Thus, in the countryside, the corporatist organization linked together a network of multi-purpose community centres (the casas do povo). The casas do povo systematized the regime's provision of basic social assistance services (healthcare and minimum social security), education (adult literacy, training courses in traditional crafts) and leisure activities for workers, emulating the fascist Dopolavoro model. There were sociocultural specialized units within the casas do povo, the first category of them being called centros de alegria no trabalho, or ‘joy at work centres’). They were implemented steadily from 1941 and coordinated by umbrella organizations (such as the National Foundation for Joy at Work [FNAT]). Their potential range of action encompassed the country's rural space entirely, including the suburbs of some provincial towns and cities. This network, which also came to have hundreds of units spread around metropolitan areas (in the colonies they were few and late in coming), promoted a prescribed daily cultural experience through its programme content disseminated via a series of cultural outlets: libraries, cinema, radio broadcasts and collective reading sessions, theatre, rural ethnographic museums, handicrafts, folk and choral groups, games, sports, etc. Of these, the folklore groups deserve especial attention. They were the lifeblood of a particular national network and became key elements in the reinvention of popular traditions directed towards symbolic recreation, artistic-cultural standardization and social conformation. 17 In addition, the corporate network was rolled out in fishing areas through the ‘fishermen's houses’ and its own coordinating body, with greater autonomy in relation to leisure activities.

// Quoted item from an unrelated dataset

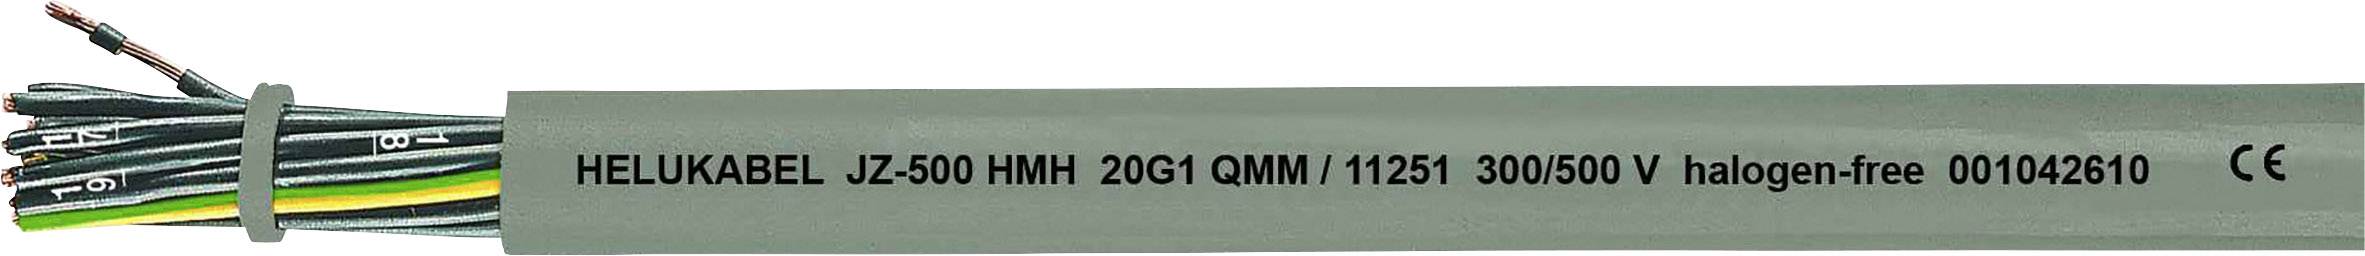 HELUKABEL JZ-500 HMH Steuerleitung 3 G 1.50 mm² Grau 11261-1000 1000 m
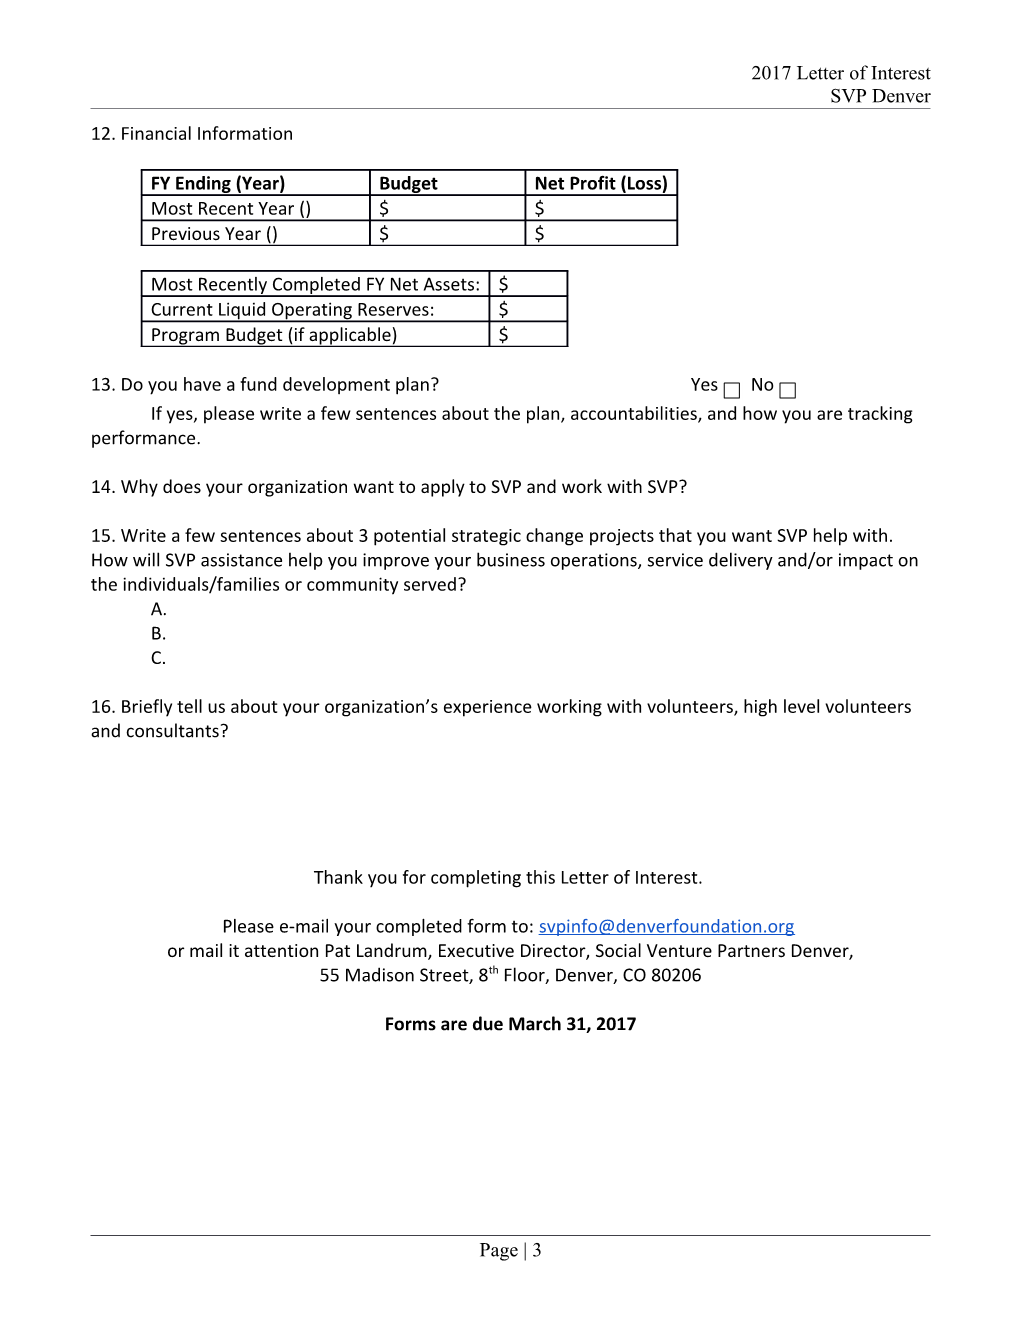 SVP Denver - Grant Application Entry Form

As for other wage-earners (industry and services), they were provided with ‘national trade unions’, following the abolition or conversion of the pre-existing free trade unions. These offered a more hybrid programme as a concession to the greater uptake of the classical arts and mass culture in urban areas, seeking to reconcile cinema (in its commercial, historicist and propagandistic aspects) with ‘varieties’, fado, and light and folkloric music. A significant part of this cultural production was offered by centralized bodies, via regular programmes of open-air cinema, FNAT ‘evenings for workers’, official radio, the Ópera do Trindade, etc. Another relevant area here was physical education and corporate sports, with their own championships, where football, a core sport since the 1940s, was all important. 18 The popularity of these forms of cultural and recreational activity and their gradual intertwining with mass consumer culture made them central to everyday life. In this context, the regime had only to undertake to imbue these with banal nationalism, through the combination of nationalist props, invitations to sympathetic authors or more escapist works. 19
From Countryside to City
Despite the ruralist rhetoric, pro-social immobility and anti-city ethos, Portugal's urban population grew significantly during the half-century of dictatorship. According to official data, it rose from 31.75% of the total population in 1926 to 59.60% in 1970. The daily leisure activities of these increasingly urbanized Portuguese were marked by an important set of official cultural activities which, whether these rejected or combined with mass culture, acquired a powerful spirit of the spectacular and of irresistible sensory attraction.
Inspired by fascist and Nazi events, Salazarism became entangled in the regular production of festivals, historical and/or folkloric parades, displays of folk music, songs and dancing, and ethnographic, historicist and/or monumental exhibitions, the most sumptuous of these in Lisbon, ‘capital of the Empire’. In addition, many Catholic religious events were officially sponsored, such as the pilgrimages related to Fatima.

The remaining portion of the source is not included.